François Ozon peut donc mettre en scène autant d’adolescentes prostituées qu’il le souhaite, tant qu’il ne prétend pas refléter la réalité, ou pire, les désirs enfouis de tout un sexe. Car derrière l’acte sexuel payé, il y a un rapport de domination, qui, historiquement, a distribué les rôles de la façon que l’on sait. Il semblerait que dans sa brillante démonstration , le réalisateur ait confondu soumission et rémunération. Si domination et soumission figurent bien au cœur des fantasmes sexuels (tous sexes confondus) la violence inhérente à la prostitution l’est bien plus rarement. Fantasmer d’être rabaissée au pur statut d’objet que l’on peut s’offrir est peut-être une réalité pour certaines, mais il est loin d’être une évidence pour toutes : pas besoin d’être doctorant en psychologie pour comprendre que le fantasme n’est pas le même que l’on se place du côté du client ou de la prestataire.

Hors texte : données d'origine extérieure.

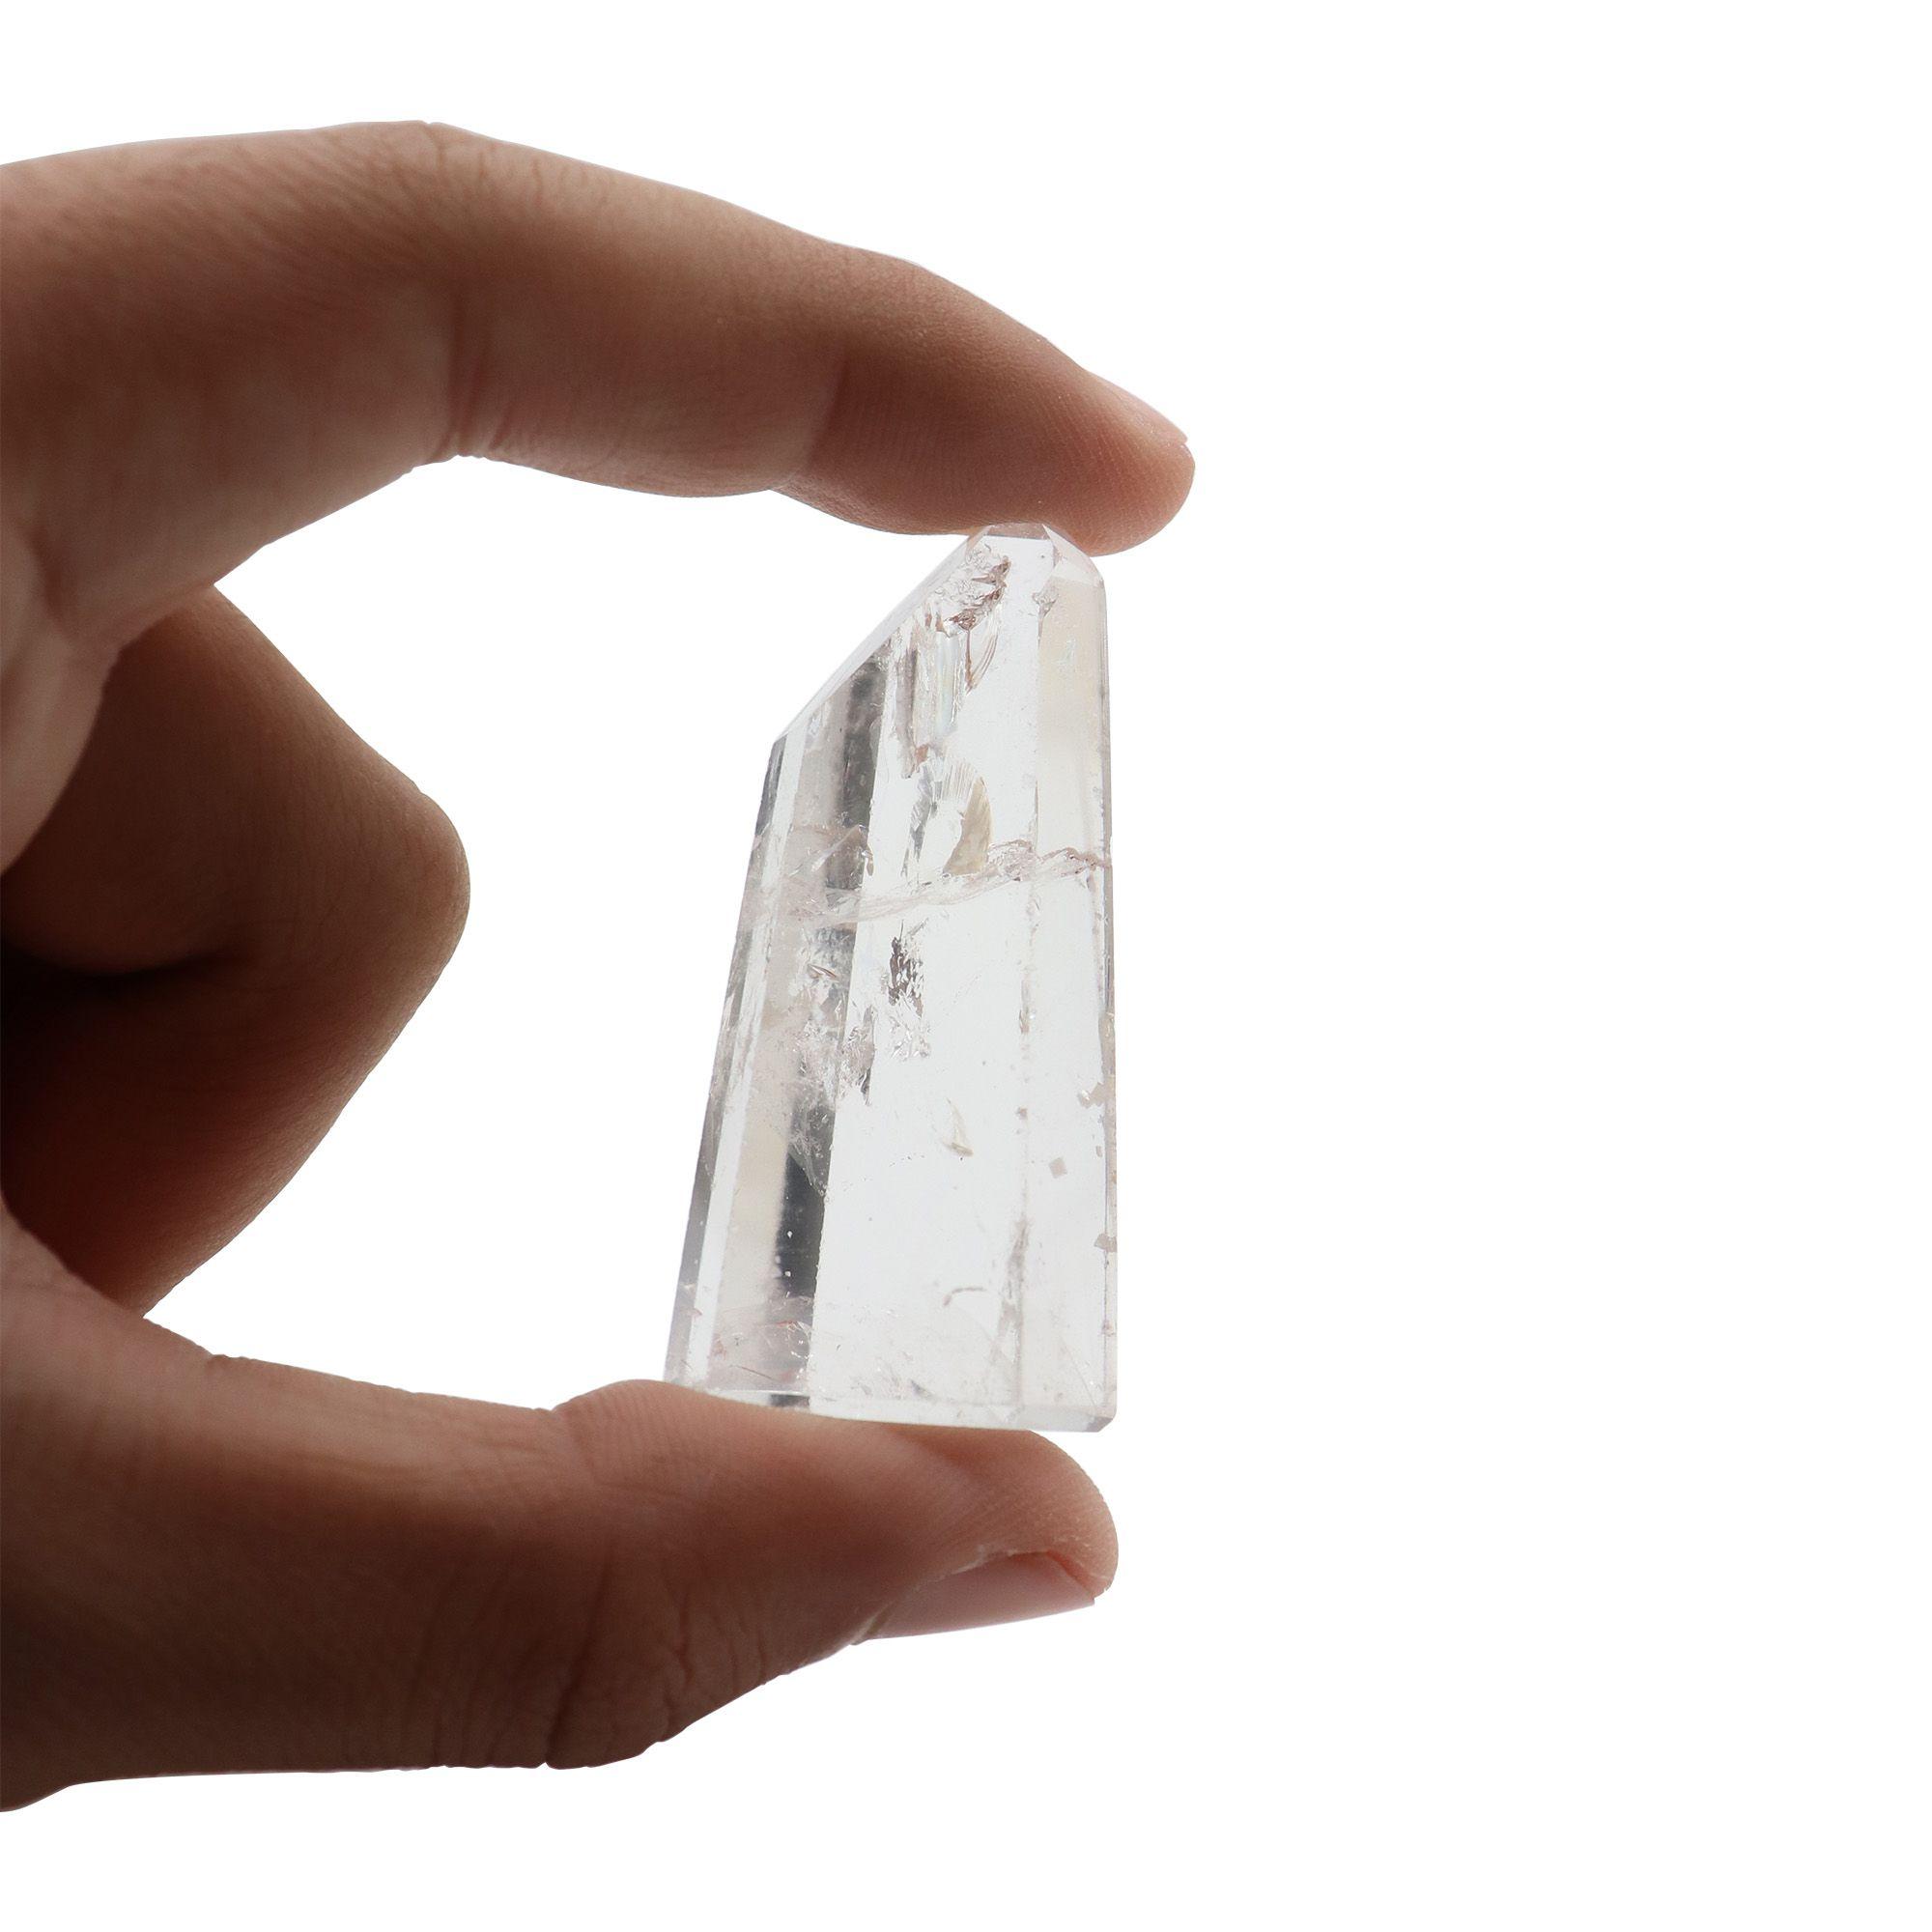 Cristal Quartzo de 30 à 45g - Polido

Et même si le syndrome Zahia de l’argent pseudo facile est dans l’air du temps, attention à ne pas tout confondre. Les femmes qui gagnent leur vie en vendant leur corps le font rarement par gaieté de cœur et certainement pas par désir sexuel. Il semble donc particulièrement maladroit de placer sur le même registre la nécessité économique qui pousse à monnayer ses charmes et l’exploration intellectuelle que constitue un fantasme. Difficile d’échafauder des scénarios émoustillants quand on ne croit plus aux contes de fées et qu’on a croisé le chemin d’une de ces femmes du boulevard de Belleville et que l’espace d’une seconde on s’est imaginées à sa place, avant de s’avouer, soulagée, que l’on avait de la chance de ne pas y être, à sa place.
Si Ozon avait parlé du fantasme d’être SDF ou de celui d’être torturé, le parallèle indécent choquerait tout le monde. Ne mélangeons donc pas tout et ne confondons pas sexe et désir : les deux ne vont pas toujours ensemble, surtout quand on se prostitue. Et s’il existe un fantasme malheureusement très répandu, c’est le traditionnel « toutes des putes », que le cinéaste vient de raviver avec son commentaire décidément bien peu inspiré.
Myriam Levain
Et que dire du fantasme de beaucoup de femmes, qui est celui du « viol » ? Qui, pour exemple, consiste à être aggripée par surprise, les yeux bandés dans la foulé, ne pas comprendre ce qu’il se passe et le rapport qui commence avec un certain désir et une passion dans l’acte, qui sont décuplés. Tout ceci dans un scénario élaboré à l’avance bien entendu, mais c’est ce fantasme qui consiste, dans l’imaginaire durant le rapport, de le faire avec un inconnu, que ce soit bref, mais très fort. Parce que là aussi on peut aller très loin, parler de la souffrance de toutes ces femmes violées, de l’horreur de la chose et pourquoi d’autre femme recherche à créer une sensation similaire.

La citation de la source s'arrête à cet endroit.